Information supplied:
--------------------------------------------------

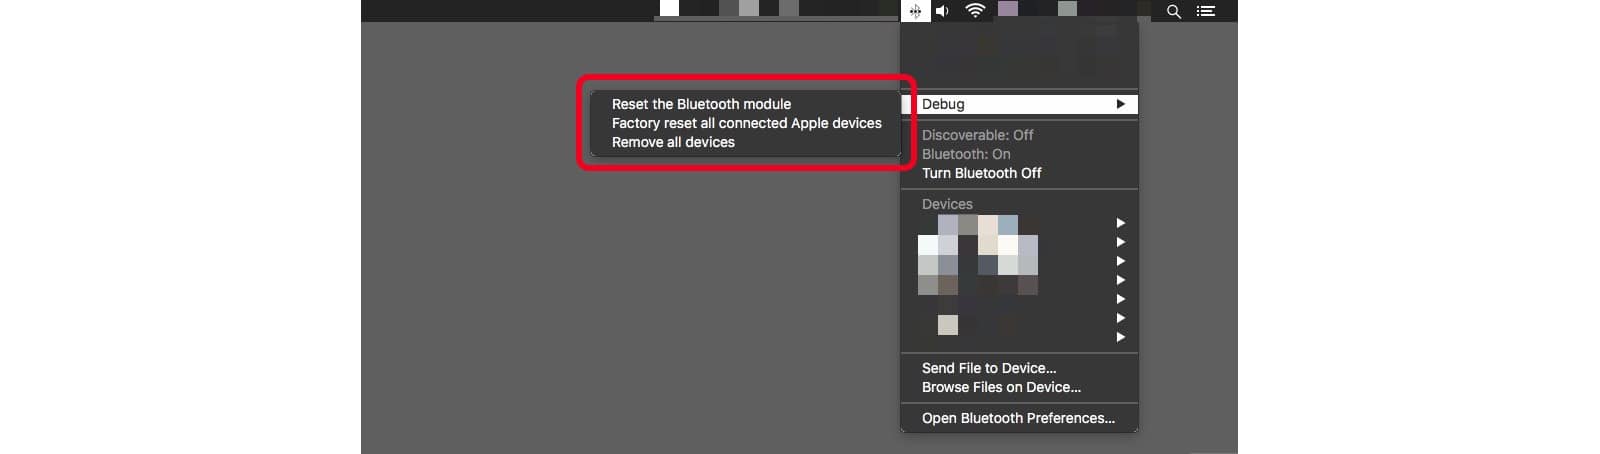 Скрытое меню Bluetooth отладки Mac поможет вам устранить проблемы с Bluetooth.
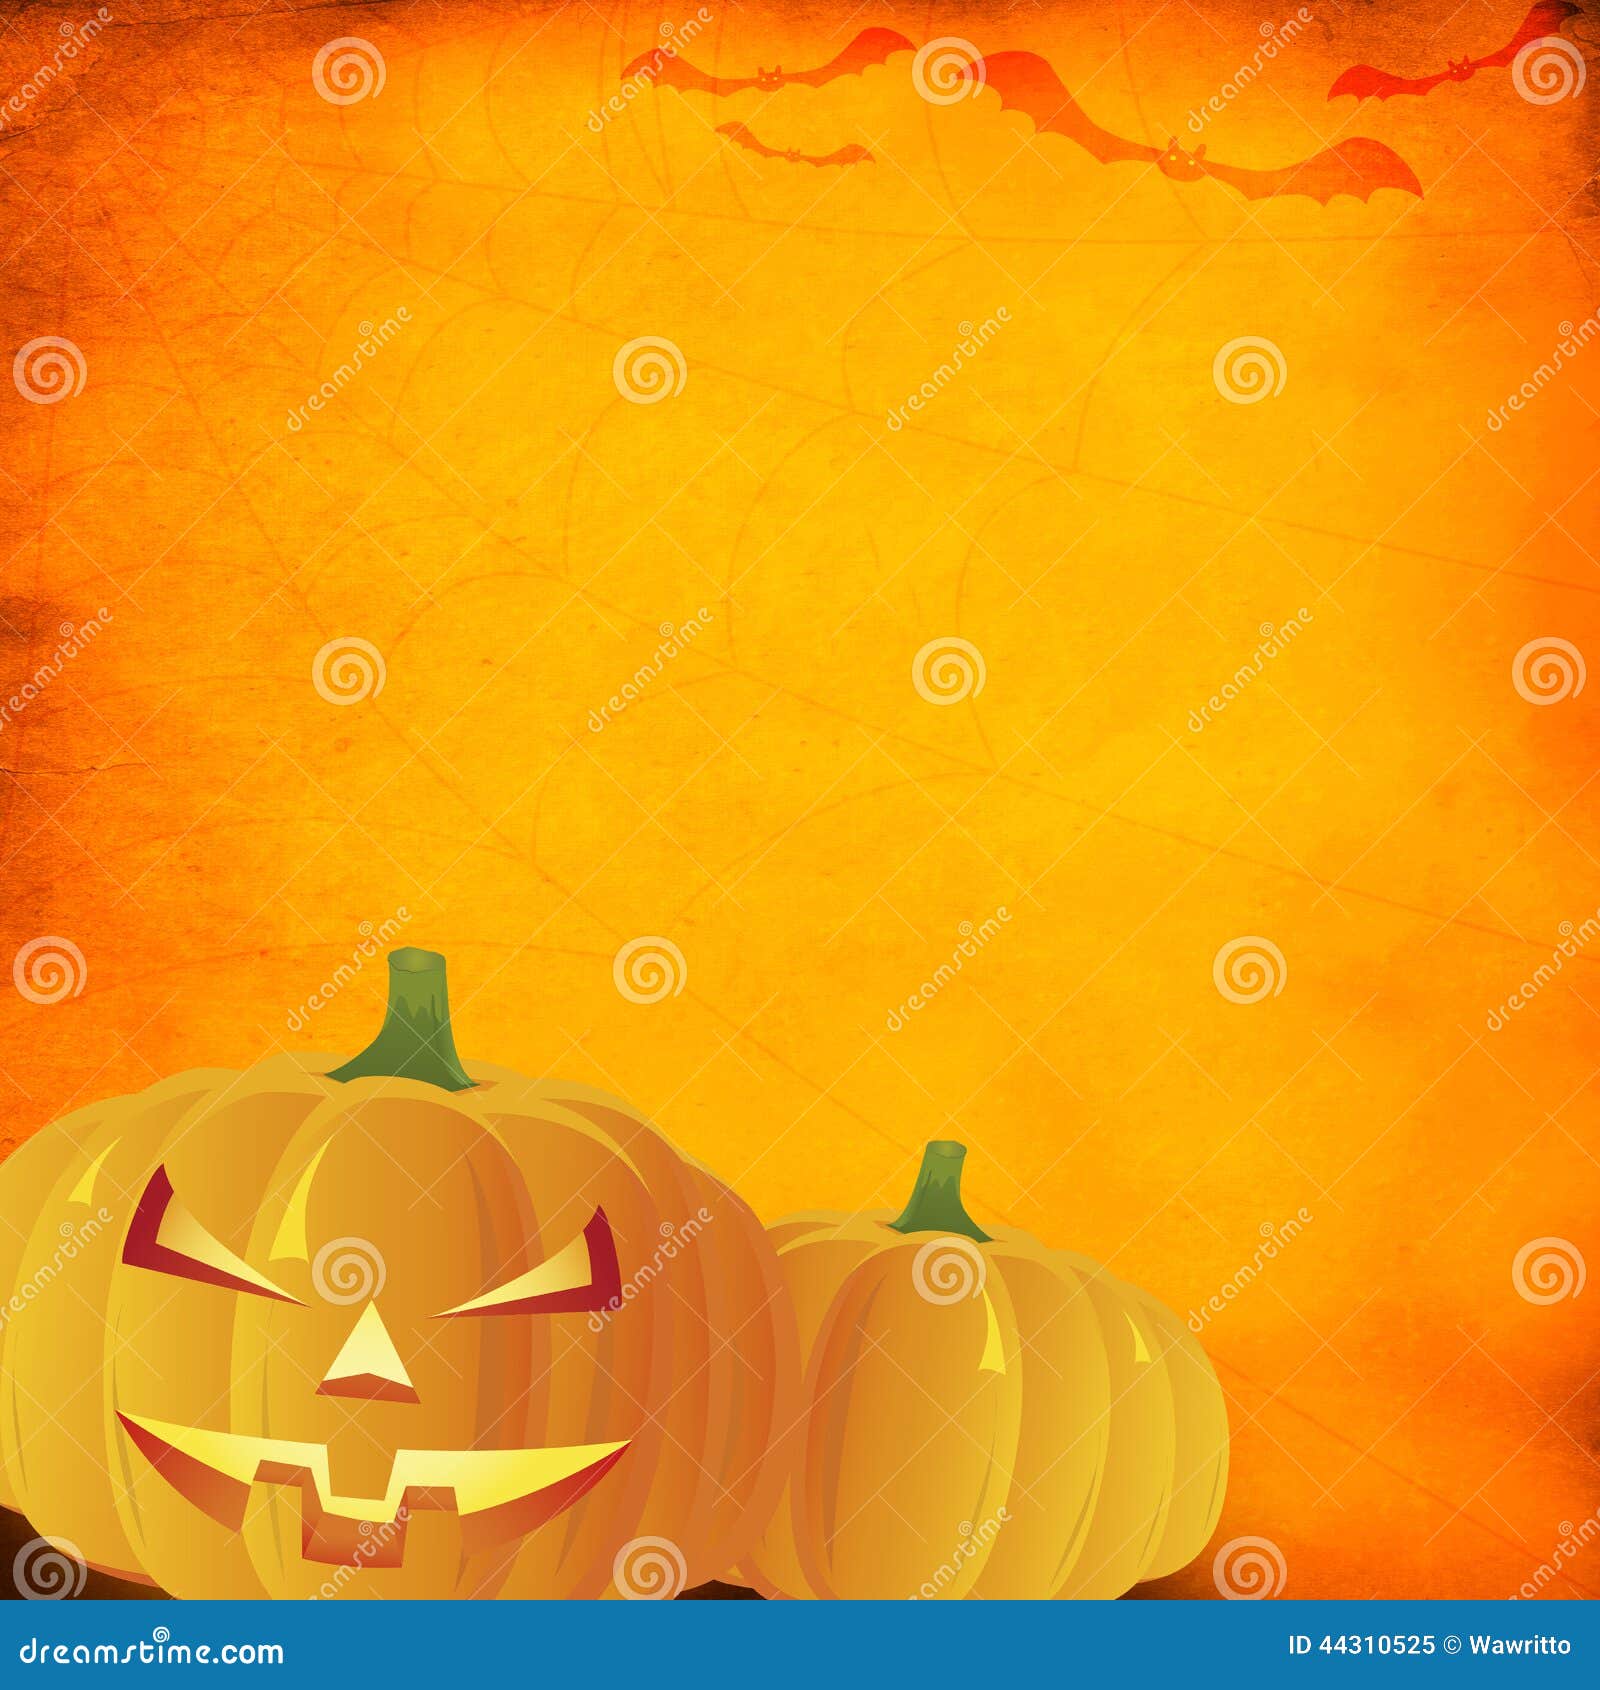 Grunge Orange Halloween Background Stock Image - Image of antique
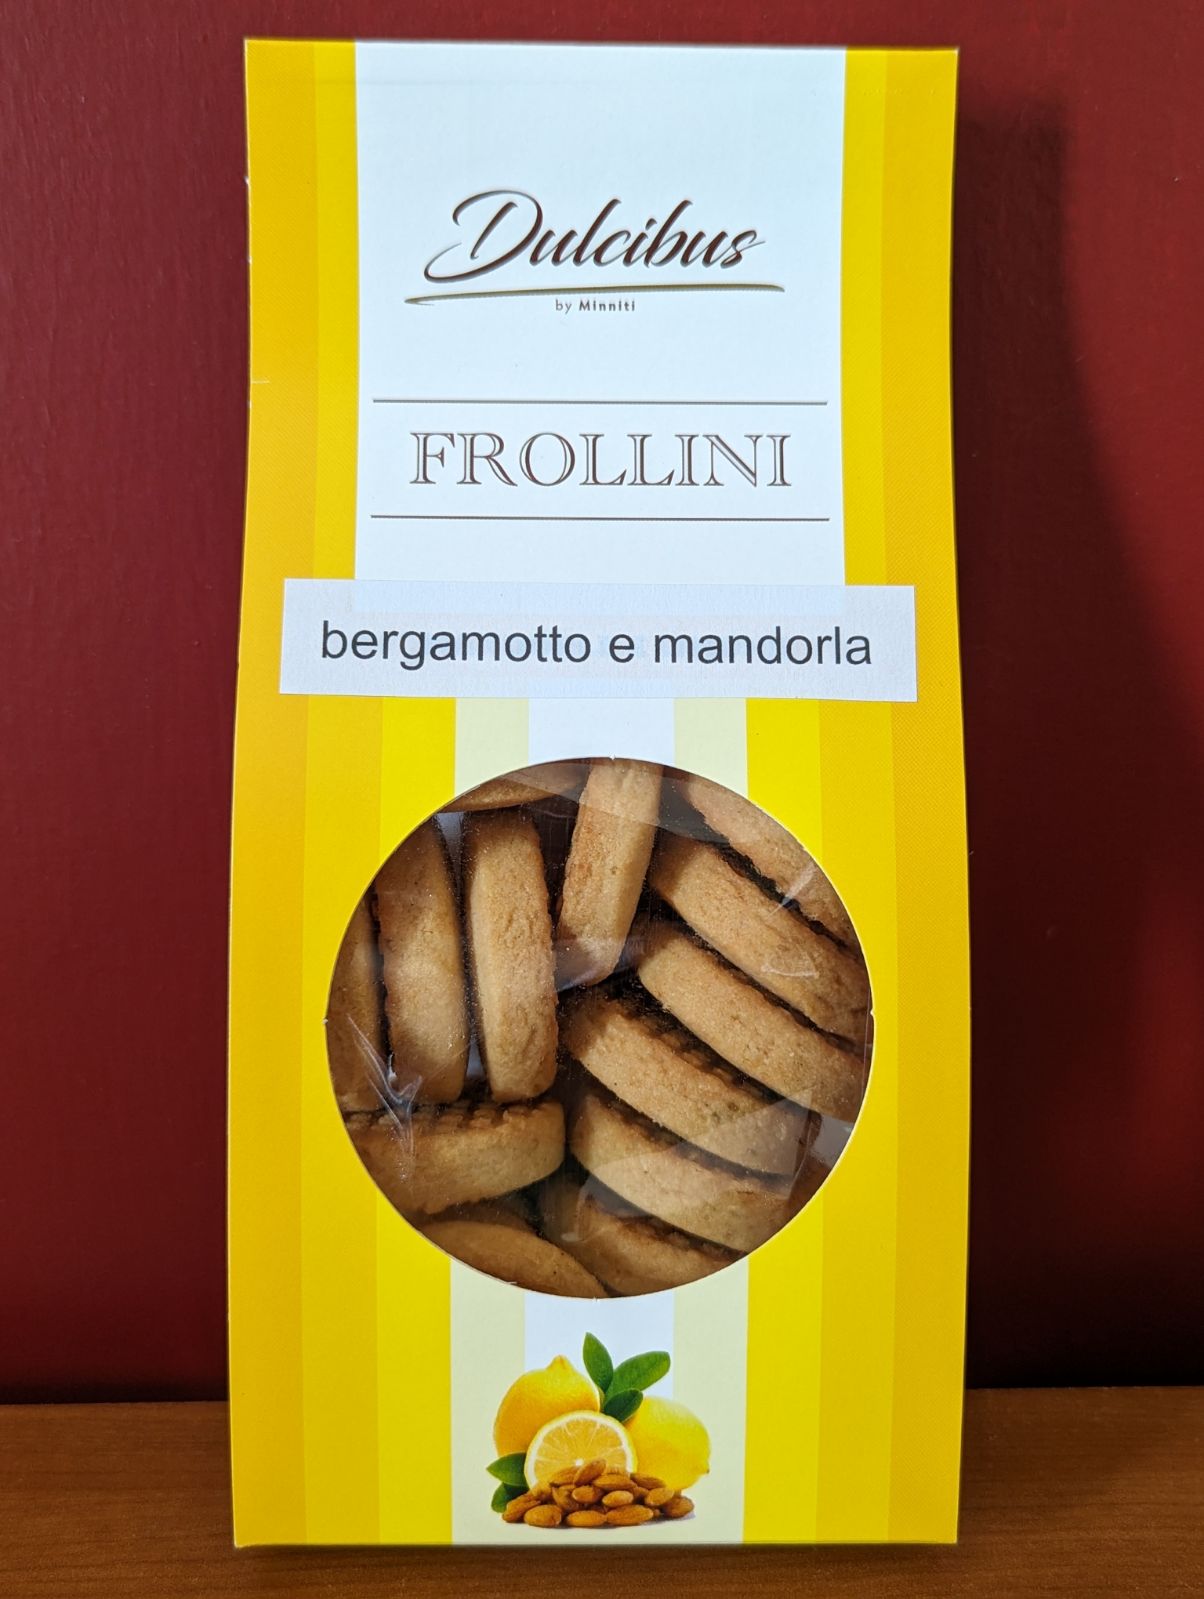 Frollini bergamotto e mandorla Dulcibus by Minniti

--------------------------------------------------

Activity: Down to the final line, restate the material above word for word, but omit its pictures.

Response area:
 Скрытое меню Bluetooth отладки Mac поможет вам устранить проблемы с Bluetooth.
 Grunge Orange Halloween Background Stock Image - Image of antique
 Frollini bergamotto e mandorla Dulcibus by Minniti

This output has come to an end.